1. Sketch the graph of \(y = \sec \theta\) for \(0 \leqslant \theta \leqslant 2 \pi\).
2. Solve \(\sec \theta = \operatorname { cosec } \theta\) for \(0 \leqslant \theta \leqslant 2 \pi\).

10

1. Prove that \(\cot \theta + \frac { \sin \theta } { 1 + \cos \theta } = \operatorname { cosec } \theta\).
2. Hence solve the equation \(\cot \left( \theta + \frac { \pi } { 4 } \right) + \frac { \sin \left( \theta + \frac { \pi } { 4 } \right) } { 1 + \cos \left( \theta + \frac { \pi } { 4 } \right) } = \frac { 5 } { 2 }\) for \(0 \leqslant \theta \leqslant 2 \pi\).

a) Given that \(\alpha\) and \(\beta\) are two angles such that \(\tan \alpha = 2 \cot \beta\), show that $$\tan ( \alpha + \beta ) = - ( \tan \alpha + \tan \beta )$$ b) Find all values of \(\theta\) in the range \(0 ^ { \circ } \leqslant \theta \leqslant 360 ^ { \circ }\) satisfying the equation $$4 \tan \theta = 3 \sec ^ { 2 } \theta - 7$$

Solve the equation $$6 \sec ^ { 2 } x - 8 = \tan x$$ for \(0 ^ { \circ } \leqslant x \leqslant 360 ^ { \circ }\).

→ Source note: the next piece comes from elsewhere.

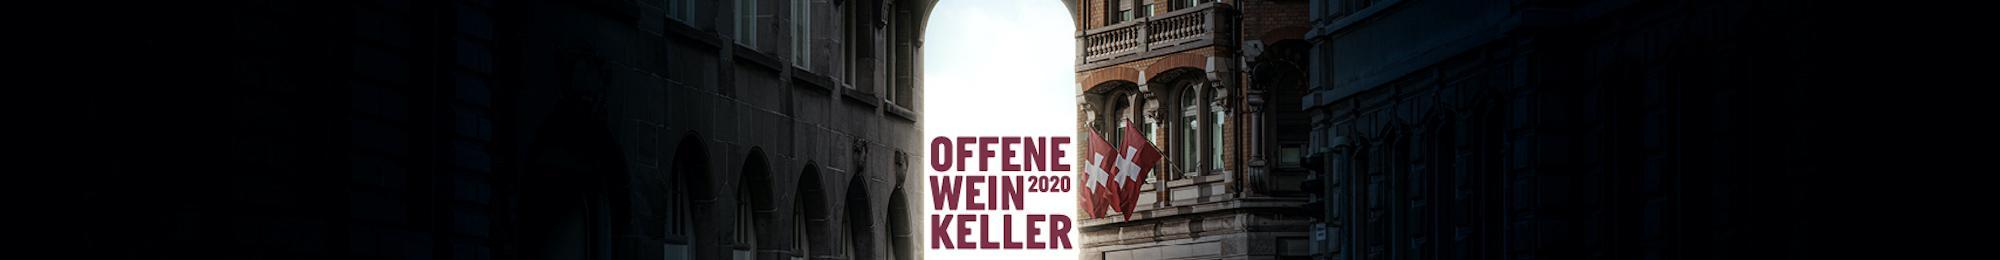 Deutschschweiz Offene Weinkeller 2020

1. By differentiating \(\frac{\cos x}{\sin x}\), show that if \(y = \cot x\) then \(\frac{dy}{dx} = -\cosec^2 x\). [3]
2. Hence show that \(\int_{\frac{\pi}{6}}^{\frac{\pi}{2}} \cosec^2 x \, dx = \sqrt{3}\). [2]

By using appropriate trigonometrical identities, find the exact value of

1. \(\int_{\frac{\pi}{6}}^{\frac{\pi}{2}} \cot^2 x \, dx\), [3]
2. \(\int_{\frac{\pi}{6}}^{\frac{\pi}{2}} \frac{1}{1 - \cos 2x} \, dx\). [3]

Solve the equation \(\sec^2 \theta = 3 \cosec \theta\) for \(0° < \theta < 180°\). [5]